I'm missing something - if the bedroom is connected to an arc-fault circuit, then shouldn't the construction post-date the code cycle where 20a receptacles and circuits were required for bathrooms? IOW, isn't there already a 20a circuit and receptacle in the bath, and, if so, does adding another, even on a 15 or 20a bedroom circuit, after that minimum standard is met, be legal?


----------



## olectric (Dec 11, 2007)

It's a long boring story. I was trying to get right to the point. But here is the story: It's a partial remodel. We are making the place look nice and pretty. Paint, sinks, carpet, new white devices. No new circuits. Just installing new devices on existing wiring and adding Arc fault to the bedrooms and GFI to the bathrooms.


----------



## CFL (Jan 28, 2009)

There's no problem with adding an outlet off a bedroom circuit as long as it's gfci protected and in addition to the required 20A bathroom receptacle.

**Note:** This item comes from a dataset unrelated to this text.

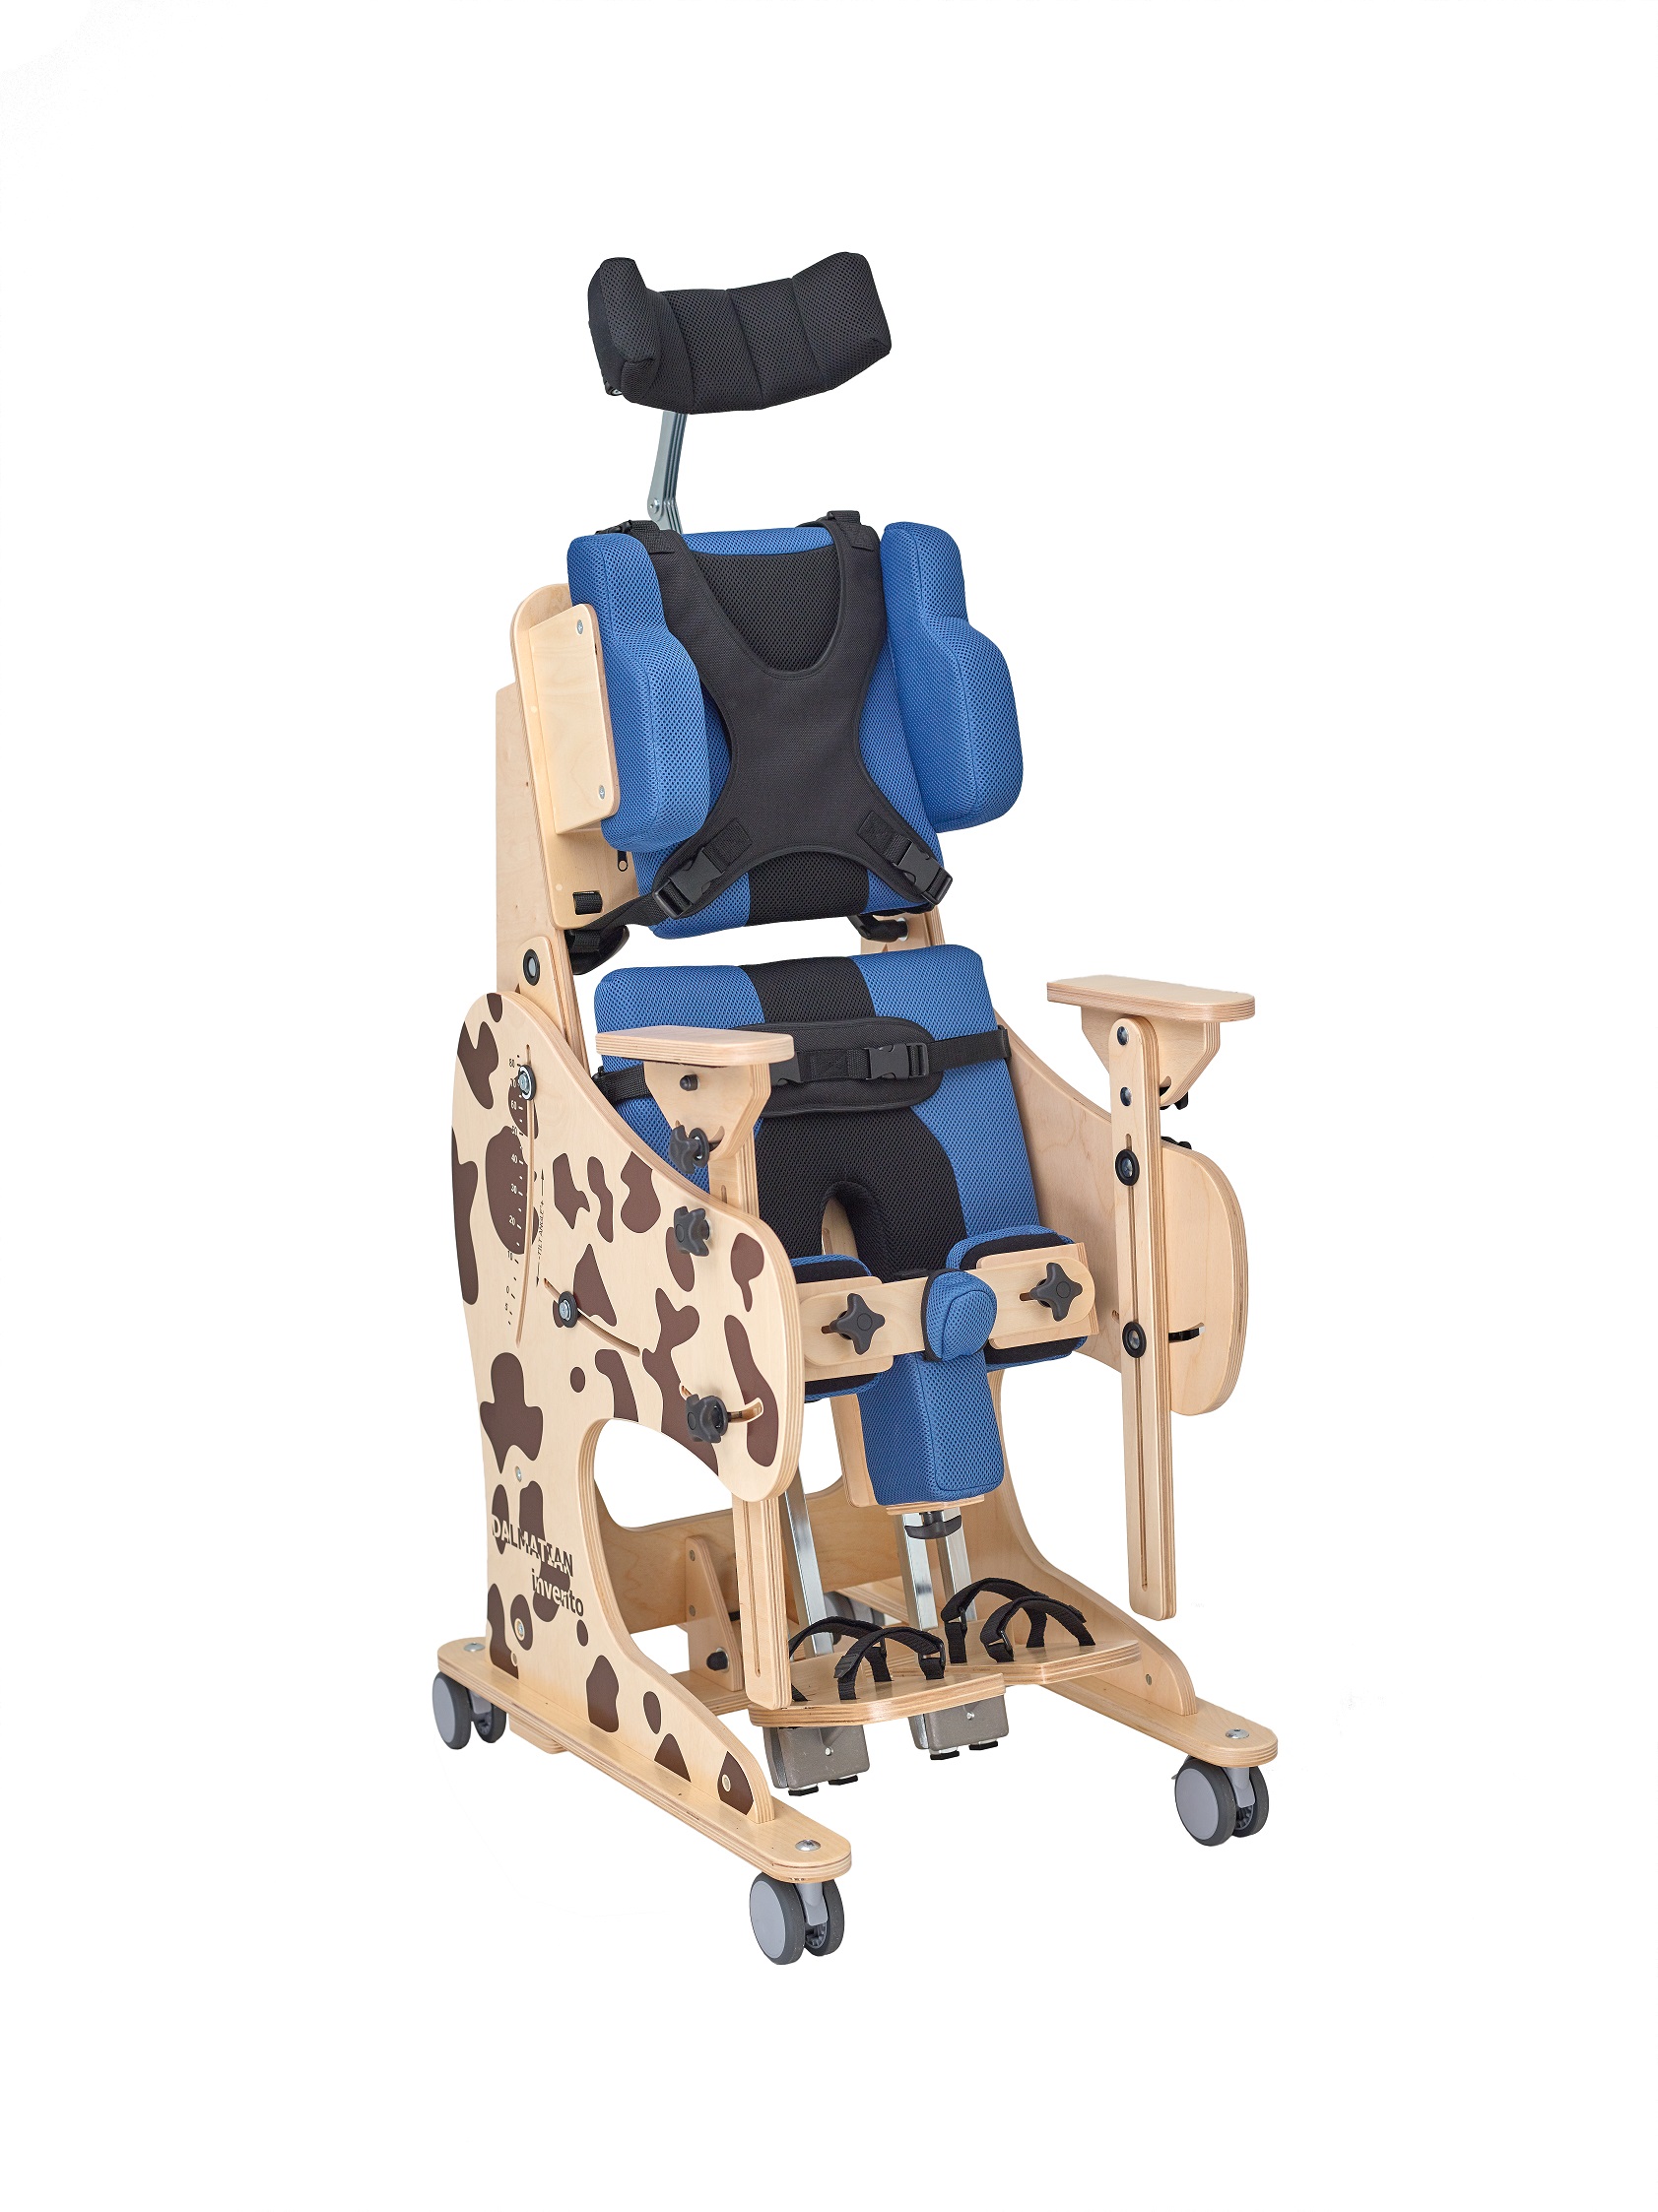 Сиденье для дцп. Опора вертикализатор для детей с ДЦП. Реабилитационное кресло AKCESMED Зебра Инвенто. Вертикализатор для инвалидов детей ДЦП. Вертикализатор Далматинчик.

The gfci device does not affect the afci device either.


----------



## william1978 (Sep 21, 2008)

rexowner said:


> Yes, see 210.11(C)(3), which requires bathroom branch
> circuits to have no other outlets.


 I don't think he is talking about the rec within 3' of the sink. I belive that adding the rec is fine and adding a GFCI rec on an AFCI cir will work all day long.


----------



## Kevin J (Dec 11, 2008)

GFCI receps will work just fine on AFCI circuits.


----------



## zen (Jun 15, 2009)

i learned something from this post now if i can just get the arc falt to stop tripping even without the gfci


----------



## 480sparky (Sep 20, 2007)

zen said:


> i learned something from this post now if i can just get the arc falt to stop tripping even without the gfci


You need to locate the arc fault.

It's usually a bare ground touching the neutral terminal in a receptacle, poor sheath stripping, bad make-ups or a staple driven it too tight.


----------



## zen (Jun 15, 2009)

i found it ,,,arc fault home run to 2g 1 sl to 4 cans 1 sl to fan hot out to plugs,,arc f hr to plug circut doesnt trip but arc f hr to fan or 4 cans trips every time i tried hr to only fan h n g and it trips then hr to only cans h n g and it trips...no attic so i guess ill drop each can and check for loose joints,,,the fan is from 2g to fan so it can only b in 3 possible places ,,,the fan the canopy or the wall/staple...the arc fault monster strikes again im all for safety my only home is that arc fault suckage pushes romex makers device makers and general wiring in a more uniform way to raise the bar


----------



## zen (Jun 15, 2009)

i found the neutral touching the bare ground you spoke of and needless to say no more stabbing 14/2 ill be wrapping them as with 12/2.. the sollution didnt come easily,,and i could be wrong with my analysis. the circut was tripping when i turned a switch to one can light on but wouldnt trip when the bulb was out so i assumed the neutral touching the ground wasnt significant enough to trip the arc fault till there was a load on the neutral from the light being on,..arc faults are tricky turning on the fan or the light would trip the arc fault but the plug circut alone wouldnt, assuming my problem was in the fan or light circut was incorrect as it turned out to be the minimal load from a neutral as it went through the plug circut


----------



## hiloelectric (Jun 11, 2009)

Back to the Orginal Subject, Is it really necessary to install a GFI being that a Combination AFCI is a GFCI also?


----------



## 480sparky (Sep 20, 2007)

hiloelectric said:


> Back to the Orginal Subject, Is it really necessary to install a GFI being that a Combination AFCI is a GFCI also?


"Combination AFCI" does not give you the required GFCI protection. "Combination" means the AFCI checks for line-to-neutral, line-to-ground and ground-to-neutral arc faults, as well as series and parallel faults.

The GFCI protection trip ratings built into a combo AFCI is not rated (Class A) to trip at the required 4-6 ma. They're usually around 30-40 ma.


----------



## Toronto Sparky (Apr 12, 2009)

Just don't plug hair clippers into it... They always trip my gfi when they are turned off.. Not sure why.. I must assume it's induction. or just the cheap clippers.
Guess I should shave more open so I don't need clippers.. ;-)


----------